China has now allowed Nintendo to sell its first Switch console game in the country, New Super Mario Bros. U Deluxe, moving it one step closer to an official launch of the Nintendo Switch product (via Reuters). 

Nintendo has struggled to integrate with the Chinese market due to complex commercial regulations and a required local partner to distribute its products. An example of its attempts to circumvent China’s console ban is the iQue Player. This is a console created from a collaboration with Nintendo and Taiwanese-American entrepreneur Wei Yen, and it supports Nintendo 64 games. It therefore allowed Chinese players to enjoy a selection of Nintendo’s games on an officially licensed console produced within the country.

In 2014, China lifted its decade-long ban on console games. Previously, Nintendo hardware and games could only be found through unauthorised distribution platforms. But it’s not just Nintendo that has encountered a number of roadblocks in China: in 2015, Sony began to sell PlayStation 4 hardware but claimed that Chinese censorship legislation were hampering its commercial success. 

In April, Tencent Holdings and Nintendo engaged in a partnership which seemed to imply that things were moving and shaking in an optimistic direction. Since then, news on how the Japanese gaming giant was getting on in China was sporadic. However, last week, a Nintendo Switch store on Alibaba’s Tmall e-commerce platform popped up. It’s got 12,000 followers despite showing no Nintendo products for sale. And of course, yesterday the State Administration of Press, Publication, Radio, Film and Television in China released a statement that affirmed that Nintendo may distribute one game within the country.

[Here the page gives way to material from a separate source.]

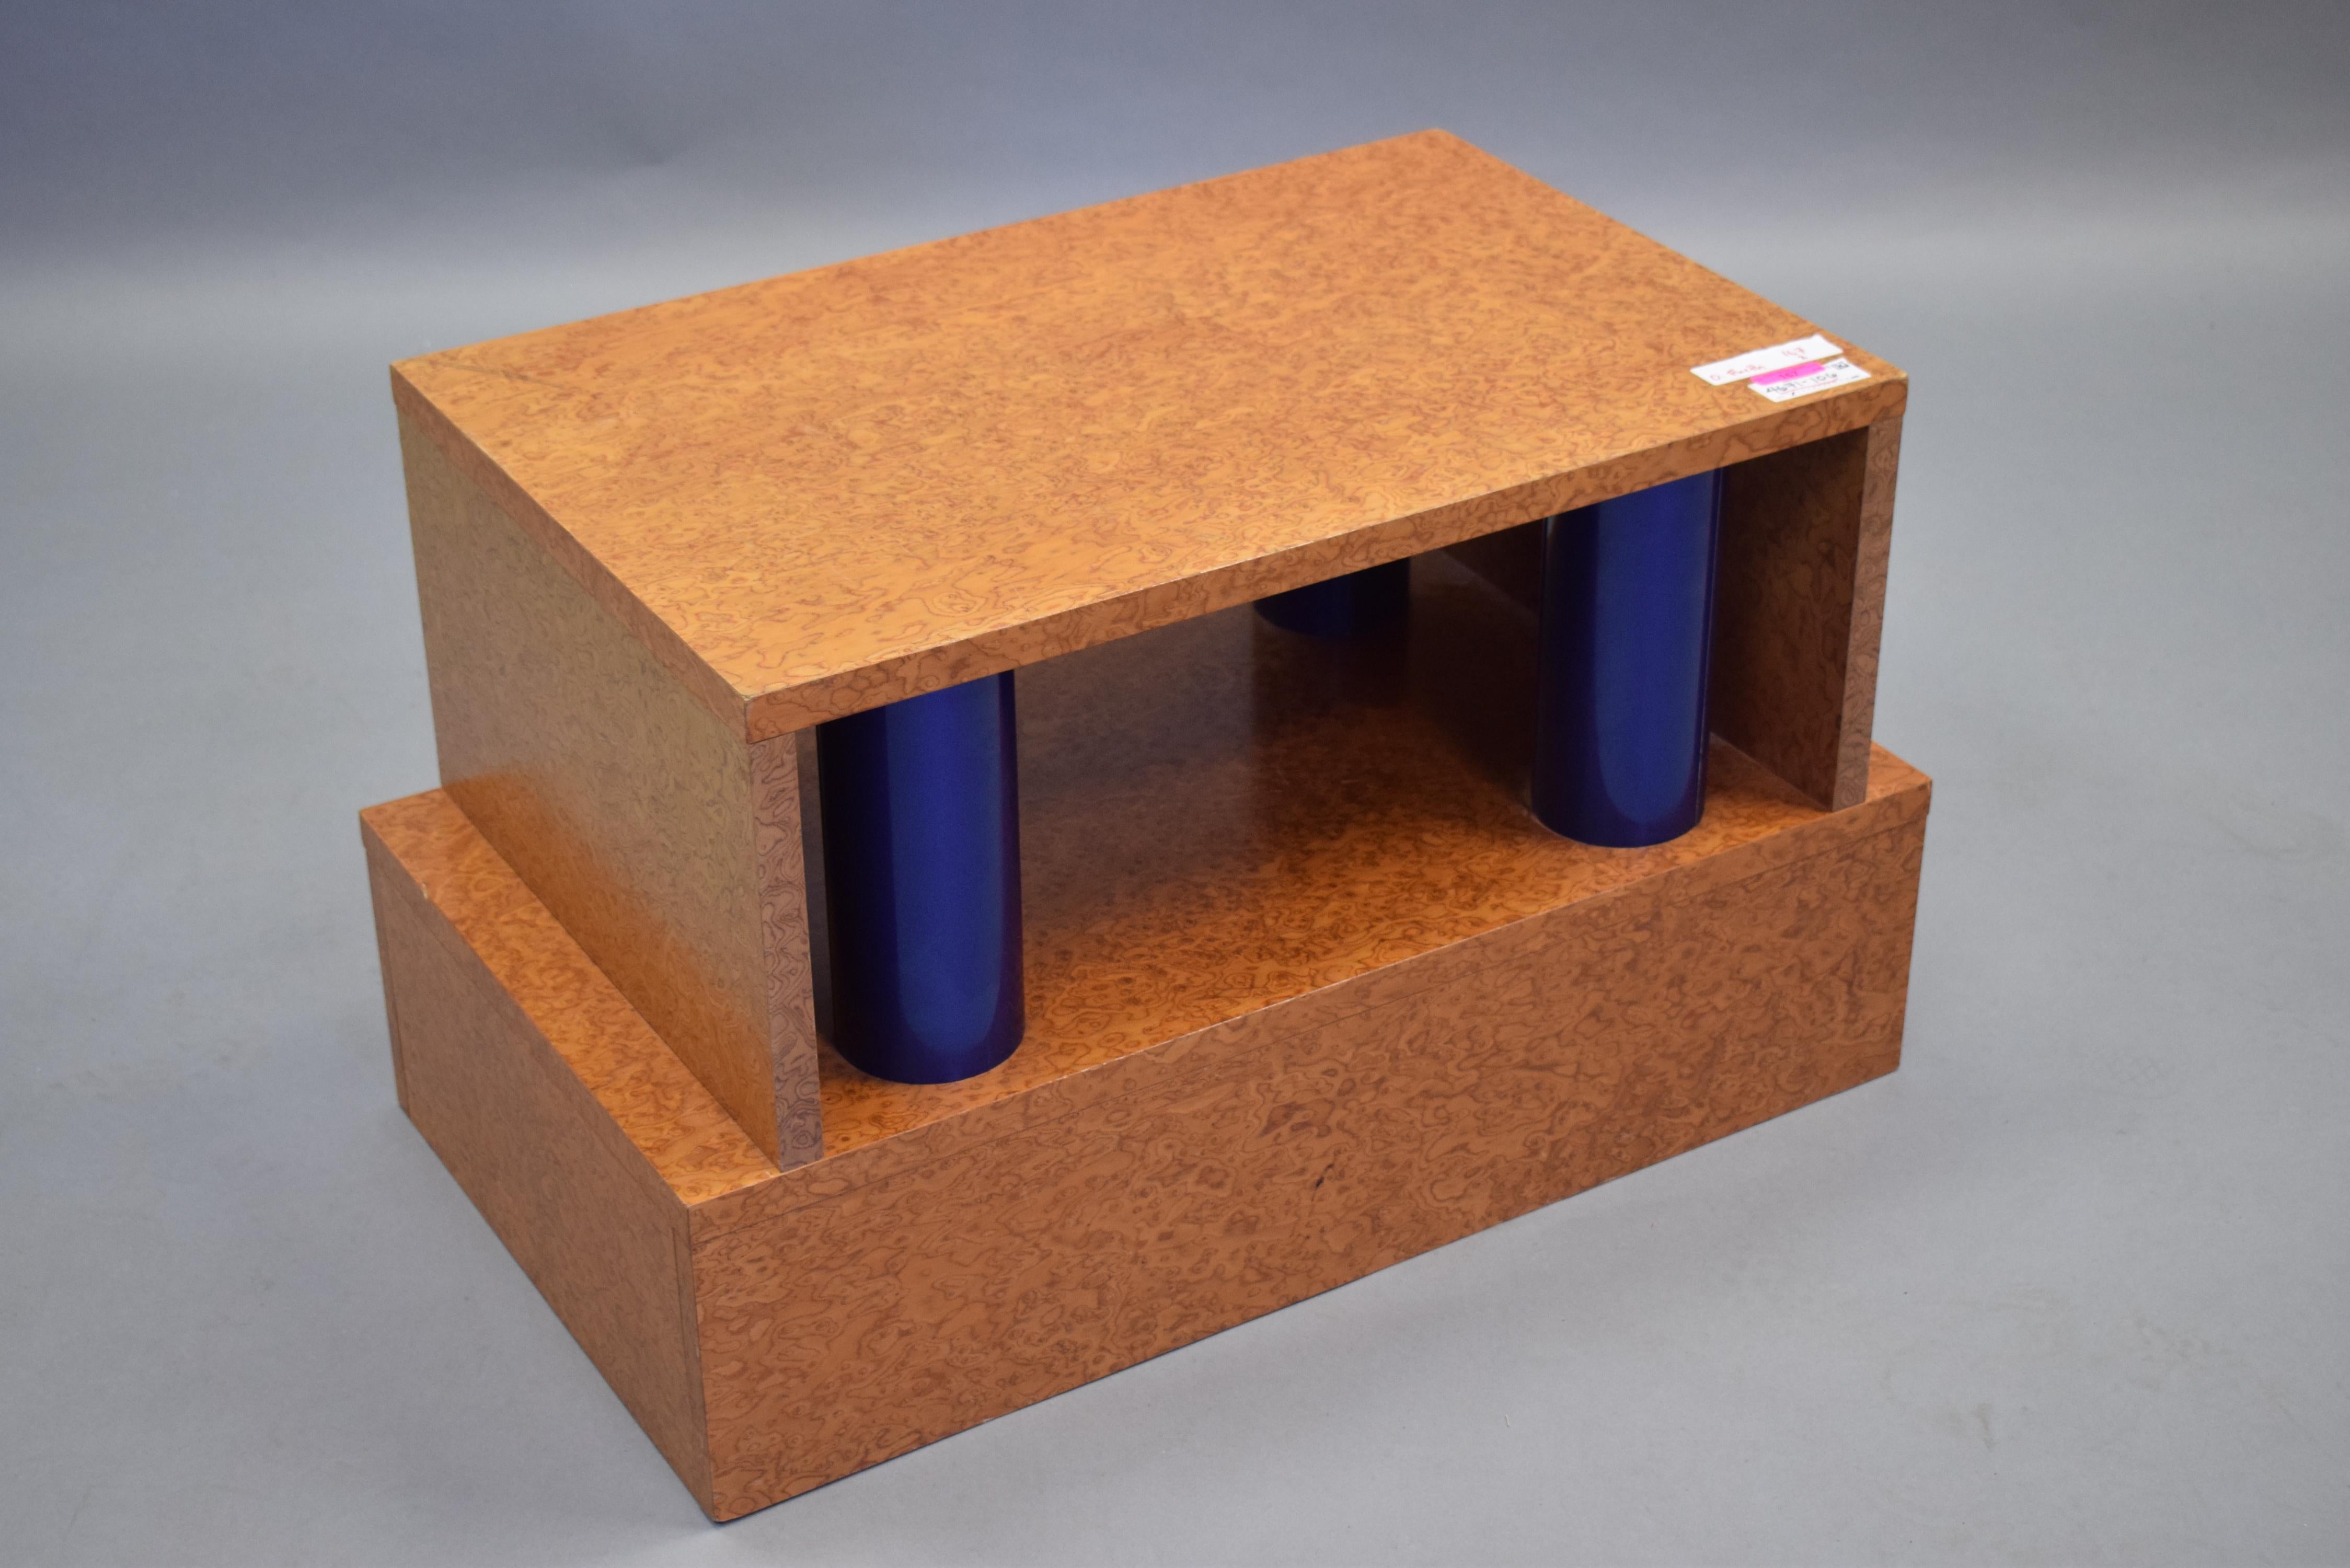 Incredibly rare and exceptional post-modern coffee table by the two of the masters of design, Ettore Sottsass and Marco Zanini. Table is executed in birds eye maple has blue tubular steel rods support the tabletop and creates a visually interesting

It’s just one game and it’s New Super Mario Bros. U Deluxe, which isn’t the first game that comes to my mind when I think ‘Switch’. Nevertheless, it is a significant step towards a possible official launch of the Nintendo Switch console in China. Imaginably it would be dependent on the sales statistics of New Super Mario Bros. U Deluxe, but the Brits liked it a lot, which hopefully bodes well for new Chinese players.